Трудный день — страница 35 из 47

— Владимир Дмитриевич, вы меня простите, что я вас так поздно потревожил… Не спали?

— Нет, нет, Владимир Ильич!

— Есть экстренное, крайне важное дело… На днях у нас сессия ВЦИК. Вы знаете, как остро стоят у нас вопросы промышленности.

— Да, Владимир Ильич.

— Глеб Максимилианович будет делать доклад об электрификации. Но он к тому же успел написать прекрасную брошюру. Я только что прочел.

Владимир Ильич передал Бонч-Бруевичу рукопись в папке тонкого картона. Владимир Дмитриевич быстро прочитал название: «Основные задачи электрификации России» и с профессиональной ловкостью перелистал ее, определил объем: «Больше двух листов… А карта? И карту…»

— Видите, — продолжал Ленин, — здесь текст и карта. Карта крайне важна…

Это было нечто вроде той самой карты, которую Ленин мечтал сделать «как-нибудь свободным вечерком» и на работу над которой, он знал, у него не хватит, к сожалению, времени. А брошюра была тем самым словом, с которым много раз мысленно обращался Ленин к рабочим и крестьянам, думая об электрификации России.

— Все это нужно отпечатать, чтобы раздать делегатам. Но как это сделать? Осталось всего шесть-семь дней… Госиздат замаринует… А нам это дьявольски необходимо.

Владимир Дмитриевич быстро прикинул: в Госиздате — Вацлав Вацлавович Боровский, все прекрасно понимающий друг и товарищ, но Ленин прав: Госиздат, действительно, замаринует. Боровский изнывал в борьбе с сотрудниками, которые работали вяло, а то и просто саботировали — явно и неявно. Владимир Дмитриевич решил ориентироваться непосредственно на типографию бывшую Кушнерева, теперь 17-ю государственную.

В октябре 1919 года, когда Деникин рвался к Москве, в тот более чем критический момент рабочие типографии бывшей Кушнерева проявили стойкость, выдержку и преданность. В дни испытаний они обратились к Ленину с письмом, в котором просили его дать согласие выпускать все его труды в их типографии. Кончалось письмо заверением: «Это ваше согласие удесятерит наши силы для дальнейшей борьбы, для дальнейшей работы, и это будет нашей гордостью».

Об этом сейчас и вспомнил Владимир Дмитриевич.

— Можно взять рукопись? — спросил он.

— Зачем?

— Чтобы отдать в набор, — решительно ответил Бонч-Бруевич.

Ленин взглянул на него искоса: «Ой ли?»

— Через пять дней тысяча экземпляров будет готова, — заверил Владимир Дмитриевич.

— Это наверное? — Ленин ближе подошел к Бонч-Бруевичу.

— Да, Владимир Ильич, наверное.

— Было бы прекрасно!


На следующий день, как и всегда, Василий Семенович поднялся рано.

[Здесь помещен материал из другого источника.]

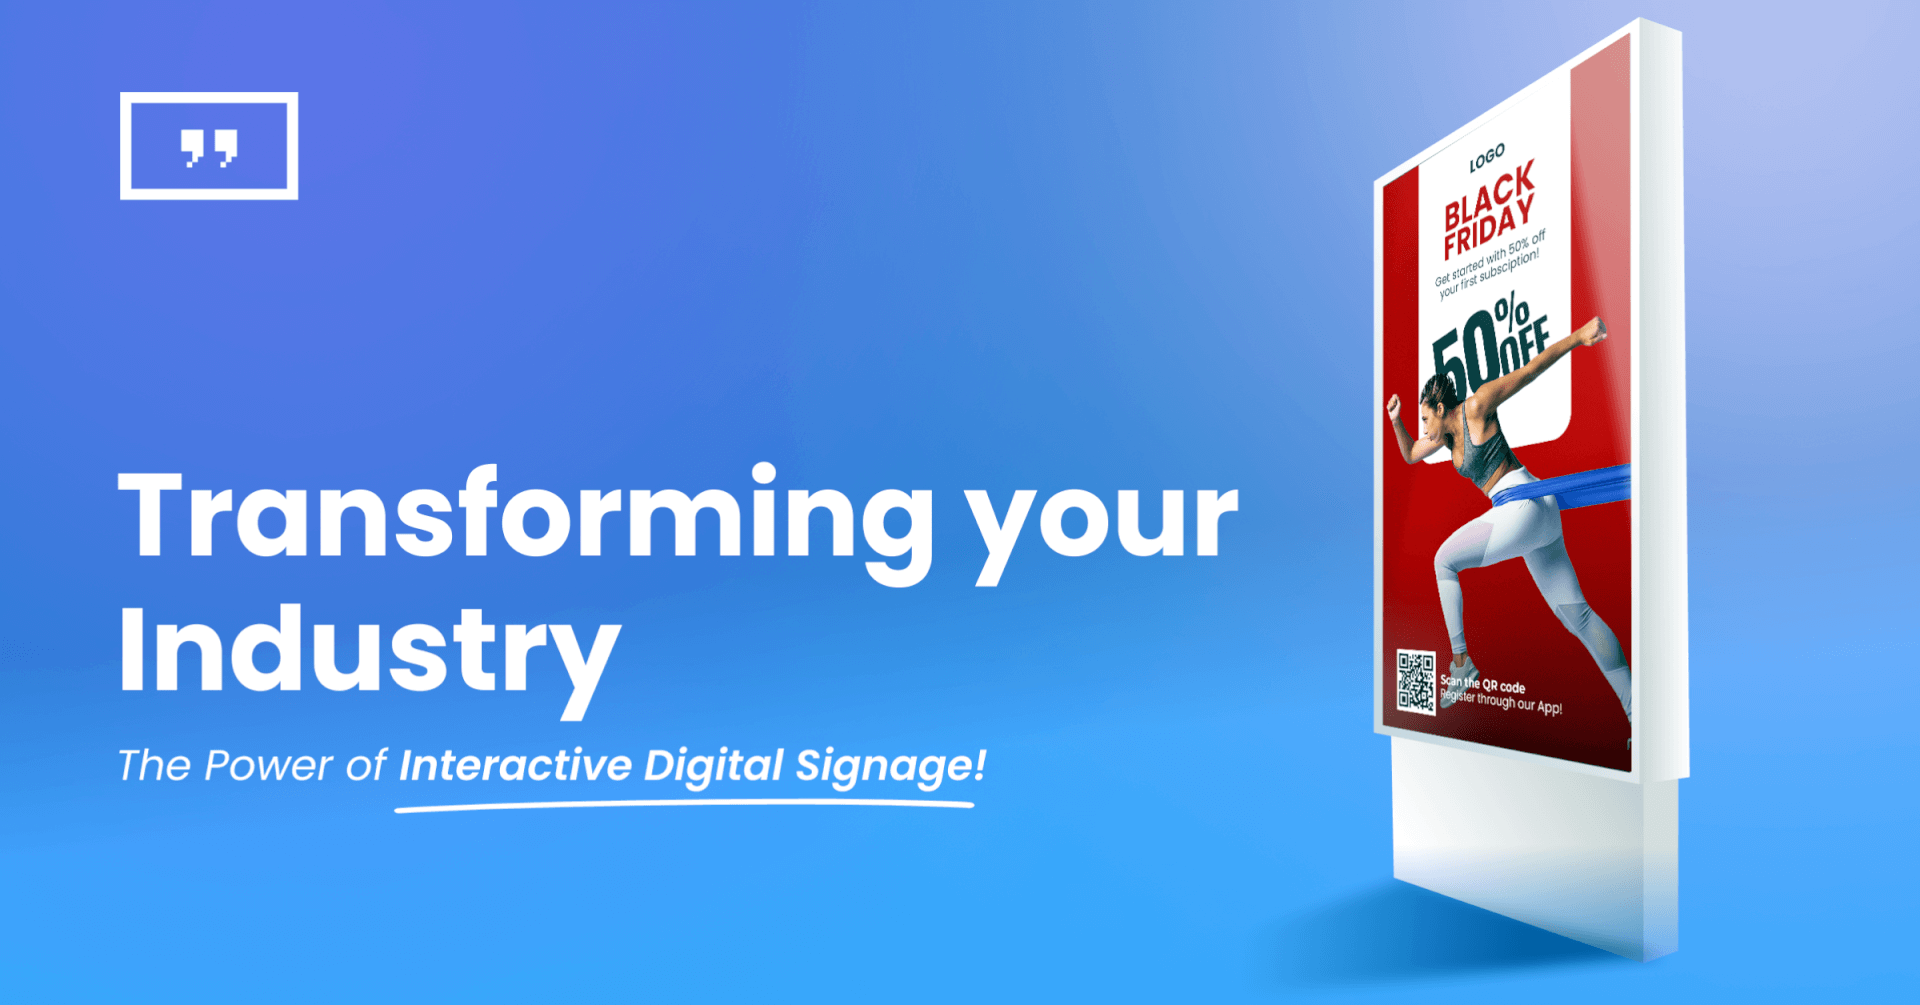 Transforming your Industry digital kiosk

По неискоренимой привычке рабочего человека он и теперь вставал в шесть часов, хотя спешить было некуда. За ним встали Катя и Артем.

За чаем Артем спросил:

— Как, Василий, мастеровать-то еще не разучился? Верстак что-то у тебя того… Вроде свалки…

— Наверное, не разучился, — ответил Василий Семенович. — А что мастеровать-то?

— Как что? — Артем удивился. — Хотя бы те же зажигалки!..

— Зажигалку дома на верстаке не сделаешь. Тут мастерская нужна. Хоть плохонькая…

— У вас-то при типографии, — напомнил Артем, — есть же мастерская. И не какая-нибудь, говорил!

Василию Семеновичу не приходило в голову воспользоваться типографской мастерской, оборудованной хотя и не шикарно и не богато, но здорово и с умом. Знающие люди создавали ее! В ней можно не то что зажигалки, а прямо-таки граммофоны делать!

— Зажигалки сейчас в ходу, — продолжал Артем. — Я вчера с вокзала на рынок забежал: цена, однако! Но все равно — смысл: на спичках-то совсем прогоришь!

Василий Семенович постучал пальцами по столу. Может, в самом деле как следует подумать об этих зажигалках и мастерской? Да нет… Что тут думать?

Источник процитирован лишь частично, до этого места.